Monday, 11 August 2008 12:08

At CIC Shops and Insurers Discuss Potential Reforms to DRPs

Whether insurer direct repair program (DRP) requirements and guidelines should be published, and whether a single person within an insurance company should be able to control whether a particular shop is allowed to participate in that company’s DRP, were among proposed reforms discussed in July by a panel of insurer, shop and association representatives.
 
Organized by the Collision Industry Conference (CIC) Fair Trade Practices Committee, the panel discussion took place at the CIC held July 23 in Scottsdale, Ariz.

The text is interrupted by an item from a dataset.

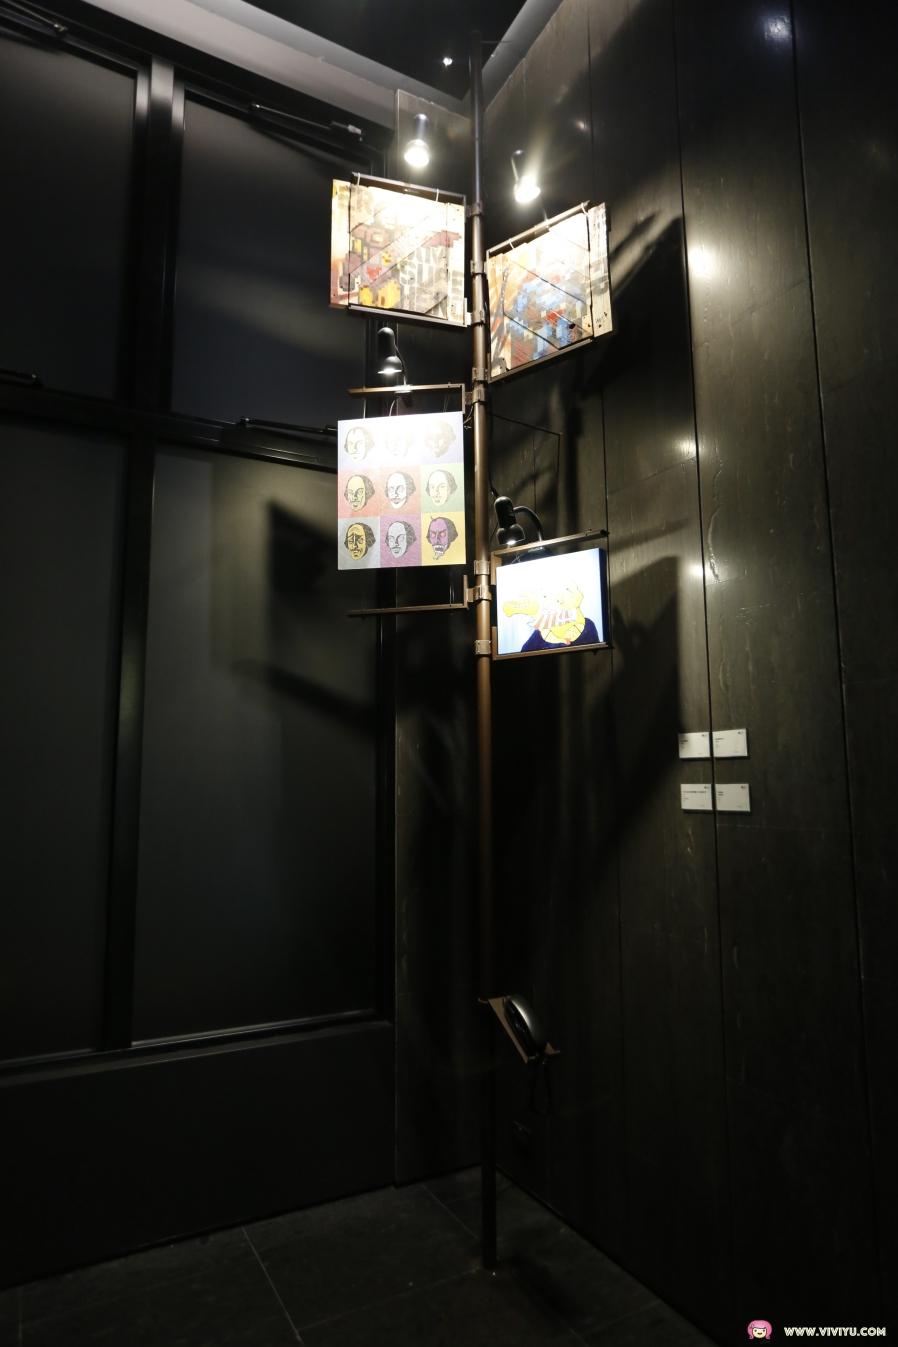 [台北住宿]台北中山雅樂軒酒店~Aloft國際時尚新潮品牌酒店.週末有現場歌手演唱氣氛超嗨 @VIVIYU小世界

Panel moderator Scott Biggs of Assured Performance Network emphasized that the panelists did not necessarily write nor endorse the proposed DRP reforms, but were merely there to express their opinions of them.
 
Concern about what determines which shops participate in a particular DRP has some in the industry suggesting that an insurer’s decisions about which shops are selected or removed from its DRP in any market should be made by a “board of independent individuals that cannot have a close enough relationship with a shop to gain any…gratuity.” The proposed reform, Biggs said, also calls for insurers to rotate area staff so that “no single person has long-term authority over any one shop.”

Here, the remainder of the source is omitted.